Aaron Maybin was an All-America linebacker at Penn State University and was drafted 11th overall by the Buffalo Bills in 2009. He played four seasons in the NFL for the Bills and New York Jets before retiring in 2014. He has since turned full-time to his art, chronicling his hometown’s challenges with poverty and crime through painting, photography and poetry, and he works as a teacher in Baltimore schools. Last winter, he became the outspoken face of outrage after many of Baltimore schools went without heat during extreme cold. He was written a book, Art Activism, which chronicles Maybin’s journey.
Here, as told to ESPN’s Kevin Van Valkenburg, Maybin tells about his path from a life of football to working on behalf of kids from his neighborhood, how he connects with students and why he doesn’t see himself as a hero.
When I was younger, football gave me an identity.
Growing up in communities like the one I grew up in, West Baltimore, you’re always fighting for your identity. From the time you’re born until you’re grown, you’re literally inundated with stories of how your safety is always in jeopardy and how everybody – from your parents to people in the community to folks at your church – is just so hell-bent and focused on keeping you safe.
So many of us in those neighborhoods are so angry, so furious, at everything. At the world. I lost my mother at 6 years old. I was mad at God. I was mad at my family. I was mad at everything. In those kinds of environments, especially for young kids of color, people look to attach themselves to something greater.
I had been an artist my whole life, but when I was younger, it was not cool for you to just be like, “Yeah I’m an artist. I make things.” Football was the first thing I did and I excelled at to the level where I gained acceptance and admiration from everybody that saw me do my thing. It was like an outlet.
Football was the first space that I was afforded where you’re not penalized for your anger. You’re celebrated for it. You knock somebody out of a game and people give you praise. They know you as this guy not to be messed with, to be respected and celebrated.
It wasn’t until I got older that I didn’t want my identity to be tied to a game anymore.
I can look at football now with a certain amount of nostalgia and not be too heavily tied to it, because at the end of the day, I stopped being tied to the game.
It was probably around college at Penn State that I realized there’s something wrong with how we were being conditioned as athletes. Even as great a coach as Joe Paterno was, he had some deep-seated issues that were rooted in race and patriarchy and bigotry that reared their heads in how we were handled as players and as men.
The idea that we couldn’t have facial hair, for example. If it was past like a five o’clock shadow, then you would get penalized. If you had locks or an Afro or something like that, he would be like, “You’ve got to do something with that.” Guys would get it braided or twisted, but as soon as he would see it, he would be like, “Cut it.” If you look at people like myself, LaVar Arrington, Jared Odrick, NaVorro Bowman, basically every black player who went to Penn State, you see them leave and go through an almost Rastafarian physical transformation where we all grow our beards out. We all either get our hair in locks or twists or cornrows.

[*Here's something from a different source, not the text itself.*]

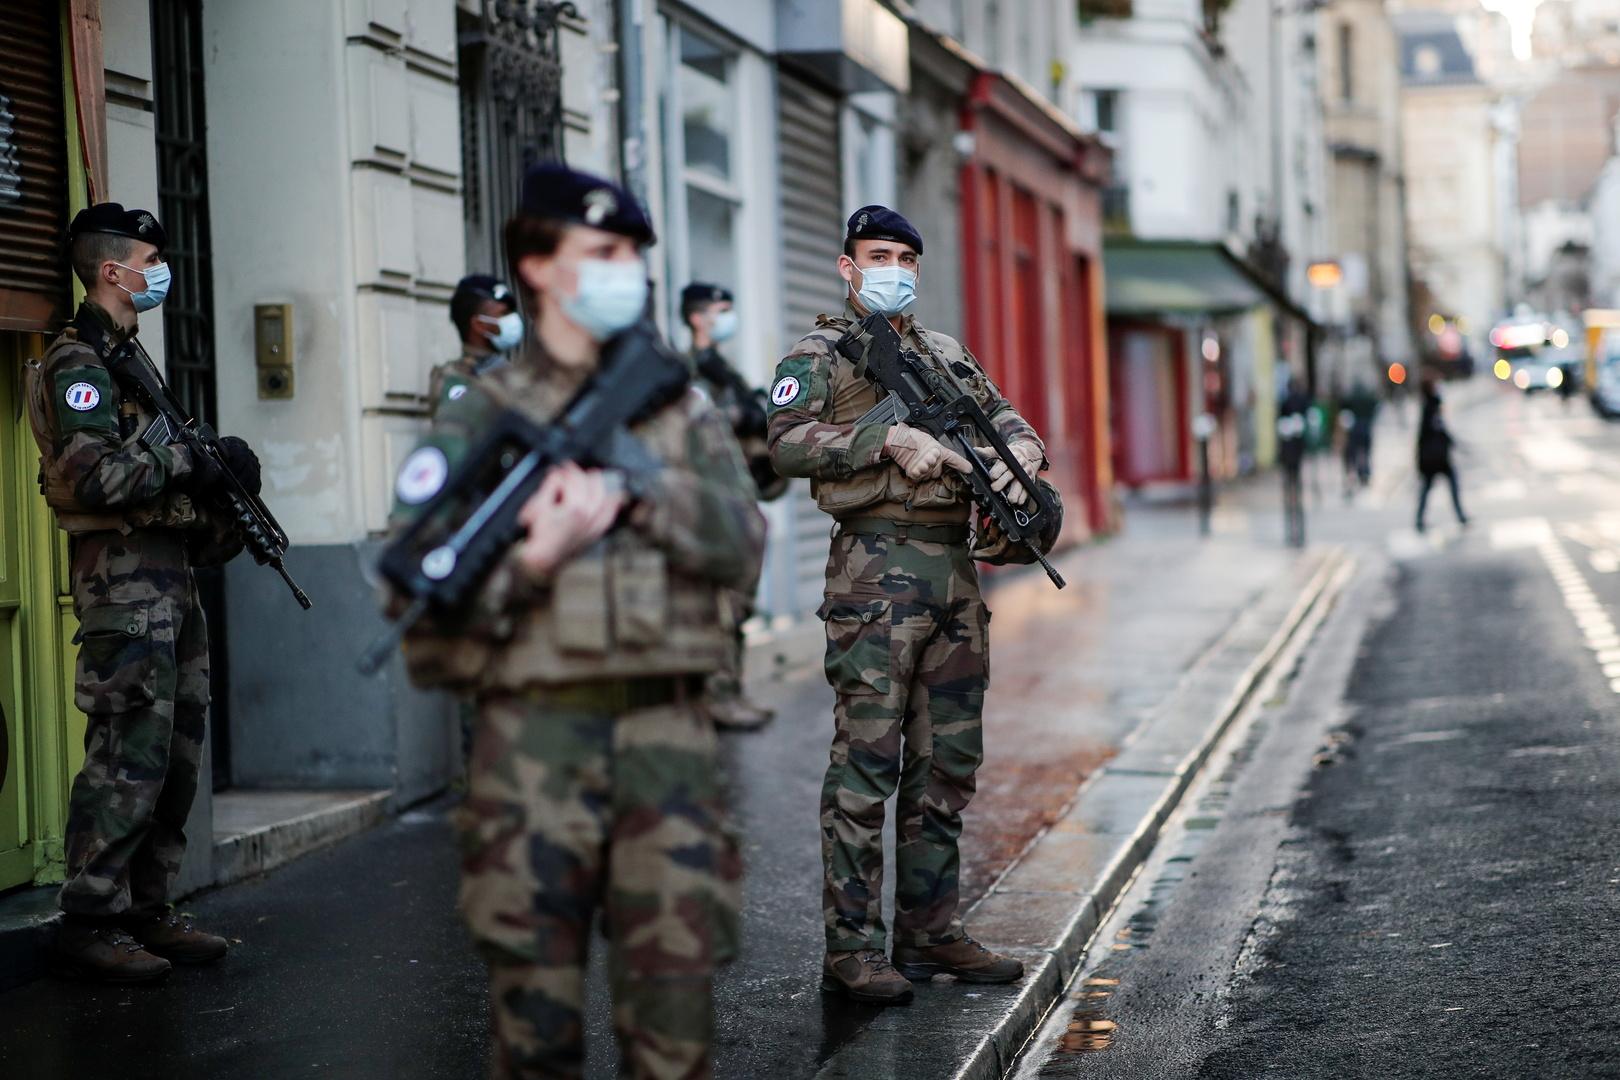 فرنسا تعمل على تطوير طاقات جنودها ليصبحوا خارقين

College years are very pivotal years, right? Throughout the same time that you’re just starting to learn about your blackness or where you fit in the larger society, you’re starting to learn about historical context of your roots. You have somebody who you look at and revere as your leader who tells you that there’s something wrong with you. That there’s something unacceptable about the natural things that make you who you are, that there’s something wrong with your person.
I didn’t realize how problematic it was back then. I was young. I didn’t really understand how deep those things went and where they were coming from. I just knew that those were the guidelines that I had to abide by. We’ve got to ask ourselves why a lot more.
When I retired from the NFL, it was the first time that I had really been able to lock into the art studio and not give a damn about what anybody had to say about what I was about to create. Nobody can fine me, nobody can kick me off a team, nobody can tell me I’m relegated to the bench. I can do whatever I want. I just started creating.
That was amazing. Between that experience of being able to really have that intimate father time with my children and being able to have that freedom as an artist and as a writer to say what I wanted and do what I wanted, I just got happy again.
My thing now as a father is: Why are you so quick to ask me if my kid plays football? Why not ask me if they’ve gone to a coding camp? With all due respect, it’s because you don’t expect that from my kids. You expect them to dribble a ball, to put a helmet on. There’s a condescending air to that, that always affects us in a way that it doesn’t necessarily affect other communities because you don’t even expect it from us. That’s why my kids are participating in art, in music, in learning another language, before they play in any organized sports. I’m exposing them to the world. If my kids have to play sports to accomplish success, then I failed.
Now I’m teaching at a school in West Baltimore. I was always teaching, even when I was playing. Literally, I was in the league and in OTAs for three days and then coming home for the last two to do my workshops at the end of the school year before they got out, and then having my summer camp that was art- and football-based.